Wednesday, May 12, 2010

Unfulfilled dreams, or future goals?

My youngest brought his pre-school graduation pictures home today. I have to admit to a touch of nostalgia as I remember doing this with Chelsea's class two years ago. The move up to Kindergarten. My kids really are growing up, and all I can do is stand and stare as it happens. Next year I'll have a Kindergartener, a second grader and a fourth grader, and I have to admit-it's weird. It leaves me wondering what I'm going to do with an entire house to myself all day!

The click of keys from the back bedroom reminding me I'm never alone, and the steadily growing pile outside my laundry room reminding me a mother of three has plenty to do, answers that question pretty efficiently!

Garrett starting school isn't the only milestone we're going to reach next year. I'm less than a year away from my B.A. in Marketing and Public Relations. I'm still freelancing-in fact, I just brought on a new client, an article writing company in California. It's kind of weird to look around and realize I've got everything and nothing I've ever wanted. I have a home, a family, a wonderful husband who loves me, even if he doesn't really get me, a job I enjoy most of the time when I'm not drowning under my to-do list and the degree I've always wanted only a hands-breadth away.
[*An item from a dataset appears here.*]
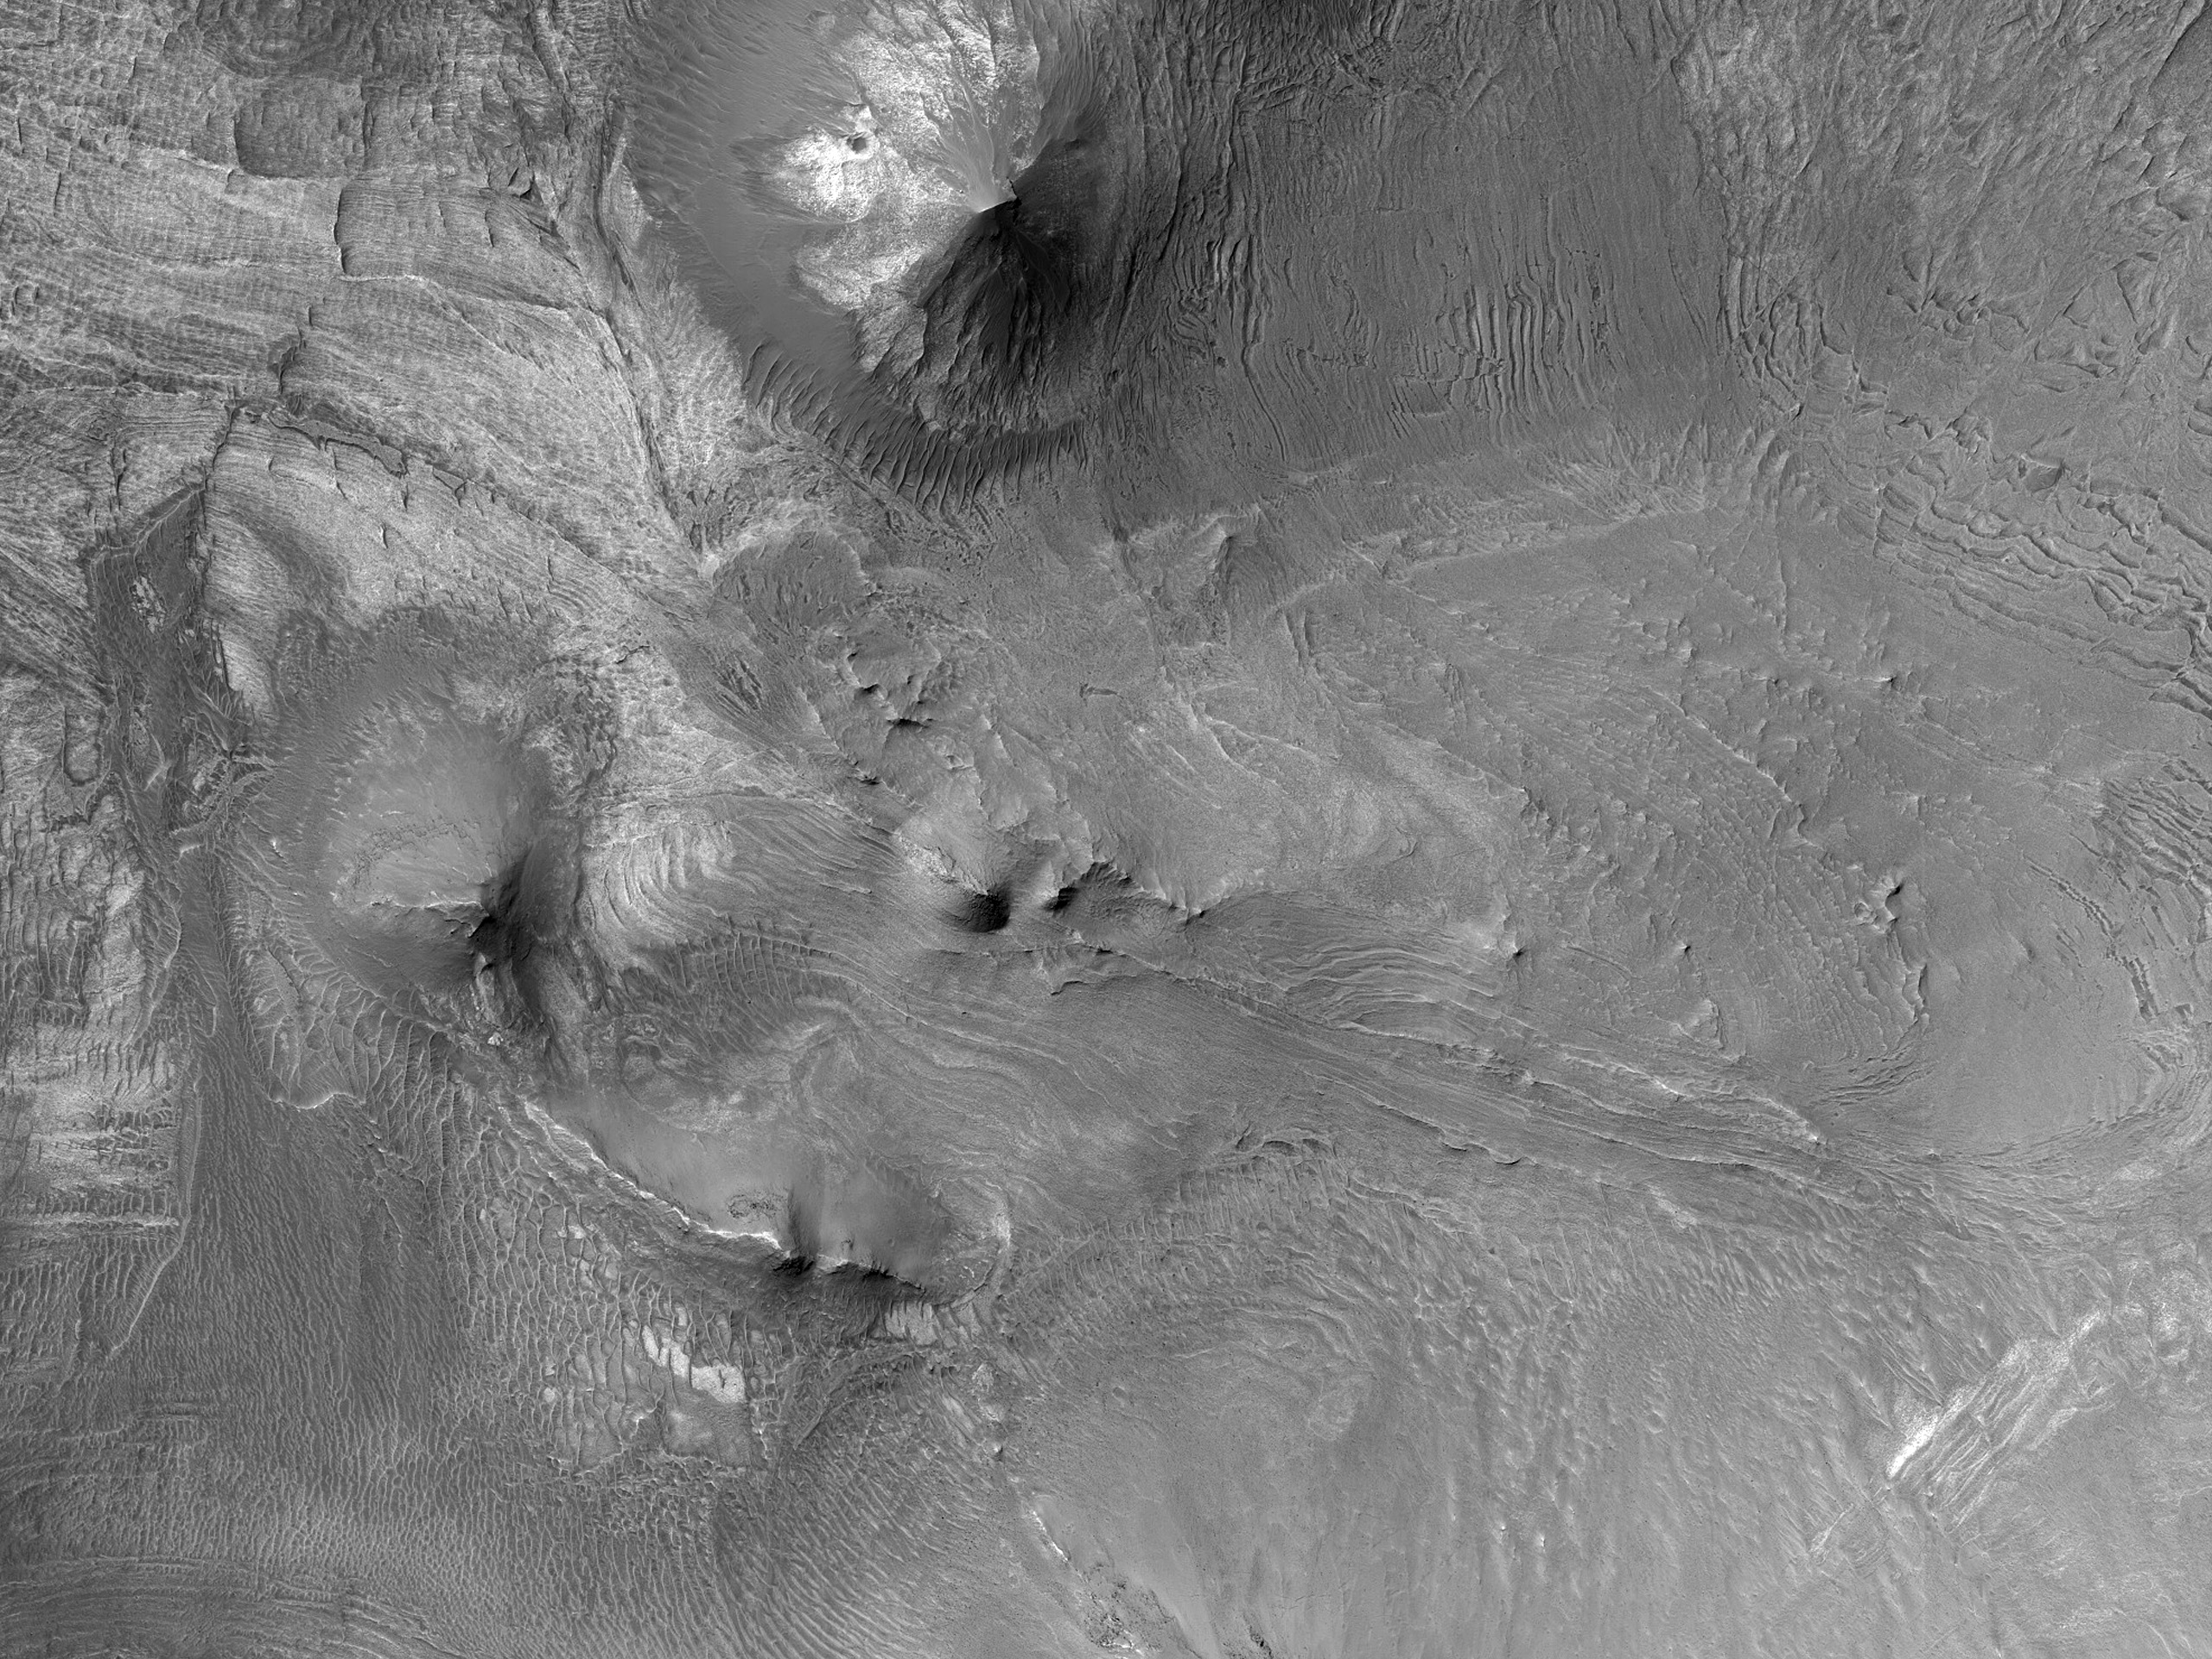 A Fault in Ius Chasma
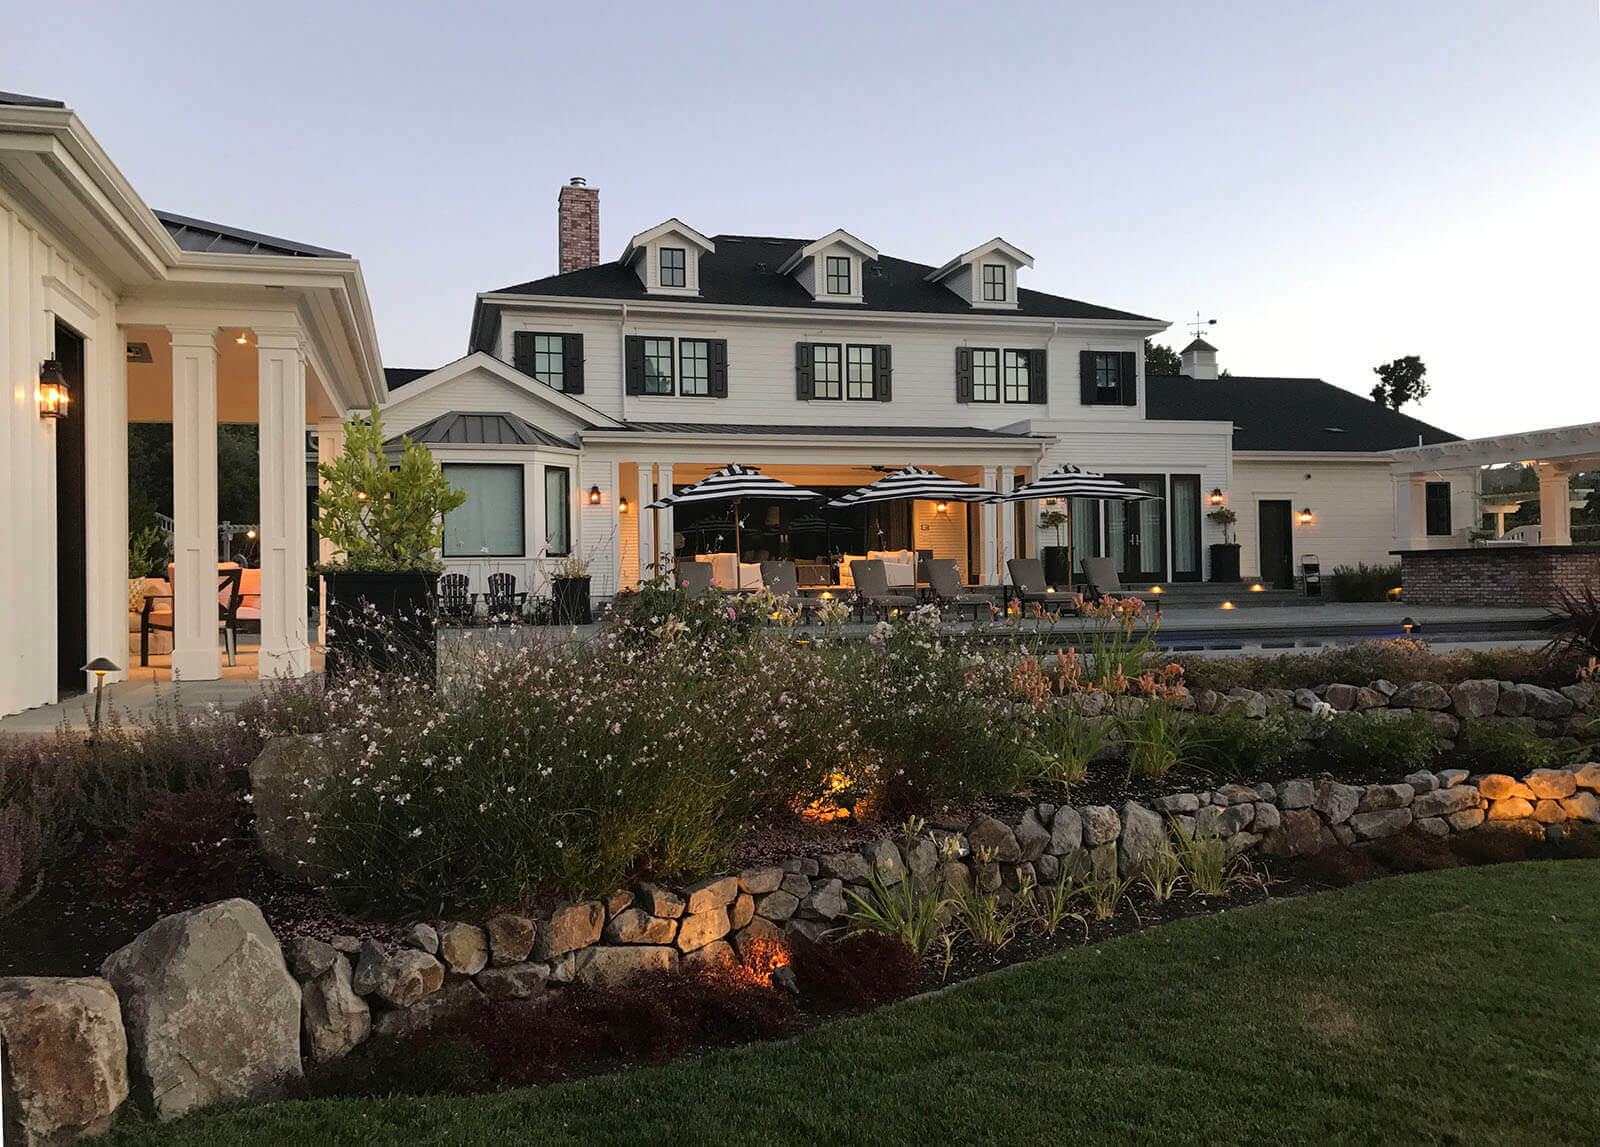 Outdoor lighting at sunset, light fixtures around the edge of the structures, and accent lighting on staged gardening areas

On the other hand, I haven't played music in years, and I live in a house that's painfully empty of it. I write, but I haven't taken the time or effort to get my own stuff published. I've started three different books, have some great ideas, I just need to get around to finishing them. I feel trapped and yet so free at the same time. I guess the trick for me now is to take this amorphous dissatisfaction and turn it into something good, something solid.

Don't look now boys. I finally started remembering who I am, and it's not the fat, frumpy, often depressed homebody I can be at times. It's time to kick back and have some fun!